The loss curves for different networks show how the optimization process went during training, as shown in
Figure 13. All networks initially had a quick drop in loss, followed by a gradual convergence toward a minimum value. The LiteHrnet-30 model had the lowest loss, which means it had better generalization ability on the training data from the three volunteers. Although the LiteHrnet-18 model did not perform better than the LiteHrnet-30, it had a lower loss than both the Hrnet models, indicating the effectiveness of the LiteHrnet architecture in capturing pose features with fewer parameters. Despite its lightweight design, the AP and loss curves show that the LiteHrnet-30 model can effectively learn complex human poses from UWB radar data. These results suggest that LiteHrnet models have potential in scenarios where model efficiency is crucial without significantly compromising performance.
Table 3 and
Figure 14 present a comparison of human pose estimation errors across various network models. Established models such as RF-Pose and RF-Pose 3D exhibit mean per-joint position errors (MPJPE) of 62.4 mm and 43.6 mm, respectively, with RF-Pose 3D being assessed over a substantial dataset comprising more than 1.6 million samples. In contrast, UWB-Pose and RadarFormer demonstrate pose estimation errors of 37.87 mm and 33.5 mm, respectively, indicating their higher accuracy in estimating human poses.
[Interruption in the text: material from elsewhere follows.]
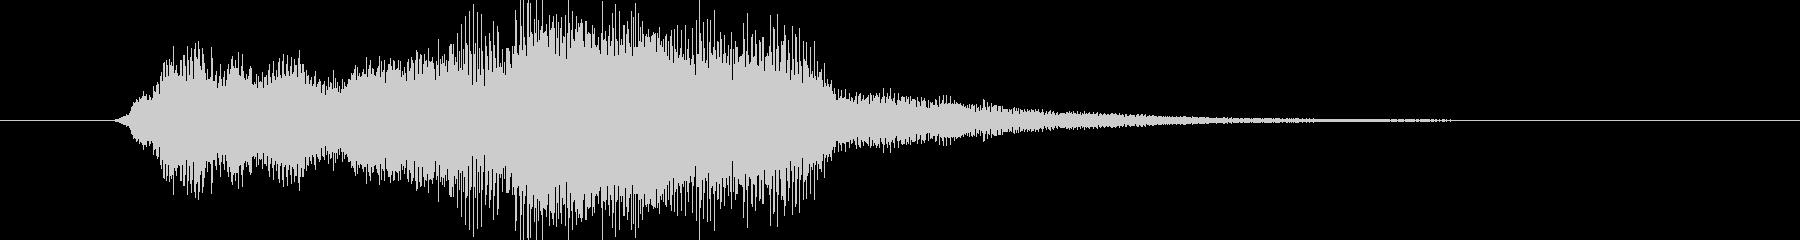 オーケストラのアイキャッチ・イベント発生の未再生の波形

RadarFormer’s evaluation involved a dataset of 162,280 samples, highlighting its effectiveness across a considerable number of data points.
Our paper proposes Hrnet-w32, Hrnet-w64, LiteHrnet-18, and LiteHrnet-30 models. These methods demonstrate MPJPEs of 34.43 mm, 33.48 mm, 32.09 mm, and 34.28 mm, respectively. We analyzed each model over a dataset of 311,963 samples. The LiteHrnet-18 model outperforms all models with the lowest error rate, signifying a significant advancement in radar-based human pose estimation.
Table 4 and
Figure 15 provide the performance details of various backbone models for human pose estimation, as measured using the HPSUR dataset. The focus is on the methods proposed in this paper. Among the backbones, the Hrformer-base and Hrformer-small models exhibit higher mean pose estimation errors of 59.16 mm and 49.94 mm, respectively. Other models, such as theCPM, Mobilenetv2, Resnet 50, Resnet 101, and Vipnas models, show a range of errors, with CPM having the lowest mean error of 39.75 mm, indicating a trend toward improvement with more recent architectures.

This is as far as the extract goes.